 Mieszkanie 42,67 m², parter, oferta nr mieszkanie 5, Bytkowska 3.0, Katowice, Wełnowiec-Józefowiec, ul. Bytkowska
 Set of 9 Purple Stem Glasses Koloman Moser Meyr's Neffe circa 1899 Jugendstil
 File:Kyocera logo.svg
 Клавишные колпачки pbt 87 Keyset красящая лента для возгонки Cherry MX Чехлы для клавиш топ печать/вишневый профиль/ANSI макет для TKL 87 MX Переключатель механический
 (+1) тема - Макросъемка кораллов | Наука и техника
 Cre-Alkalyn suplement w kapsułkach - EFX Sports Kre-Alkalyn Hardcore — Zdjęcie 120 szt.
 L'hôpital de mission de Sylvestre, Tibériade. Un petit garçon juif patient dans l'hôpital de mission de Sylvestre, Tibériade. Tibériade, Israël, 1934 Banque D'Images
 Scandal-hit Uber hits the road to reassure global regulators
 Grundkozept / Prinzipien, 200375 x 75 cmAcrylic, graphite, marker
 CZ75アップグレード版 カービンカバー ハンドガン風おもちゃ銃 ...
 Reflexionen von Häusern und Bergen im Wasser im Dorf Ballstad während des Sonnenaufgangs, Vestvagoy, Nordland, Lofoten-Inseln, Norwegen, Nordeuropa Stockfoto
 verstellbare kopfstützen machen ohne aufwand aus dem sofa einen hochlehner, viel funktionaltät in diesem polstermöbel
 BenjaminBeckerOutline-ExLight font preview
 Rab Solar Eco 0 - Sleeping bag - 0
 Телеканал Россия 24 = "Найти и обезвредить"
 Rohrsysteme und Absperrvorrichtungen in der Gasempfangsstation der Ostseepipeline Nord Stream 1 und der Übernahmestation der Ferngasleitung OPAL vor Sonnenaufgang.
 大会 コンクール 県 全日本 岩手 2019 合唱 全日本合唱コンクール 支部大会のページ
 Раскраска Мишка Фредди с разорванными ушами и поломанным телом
****************************************
■ **Task to complete**: What is needed is a verbatim copy of every line in the records above from the one containing "(+1) тема - Макросъемка" down to the one containing "CZ75アップグレード版 カービンカバー ハンドガン風おもちゃ銃 ...", both included, and nothing more.

■ **Expected answer**:
 (+1) тема - Макросъемка кораллов | Наука и техника
 Cre-Alkalyn suplement w kapsułkach - EFX Sports Kre-Alkalyn Hardcore — Zdjęcie 120 szt.
 L'hôpital de mission de Sylvestre, Tibériade. Un petit garçon juif patient dans l'hôpital de mission de Sylvestre, Tibériade. Tibériade, Israël, 1934 Banque D'Images
 Scandal-hit Uber hits the road to reassure global regulators
 Grundkozept / Prinzipien, 200375 x 75 cmAcrylic, graphite, marker
 CZ75アップグレード版 カービンカバー ハンドガン風おもちゃ銃 ...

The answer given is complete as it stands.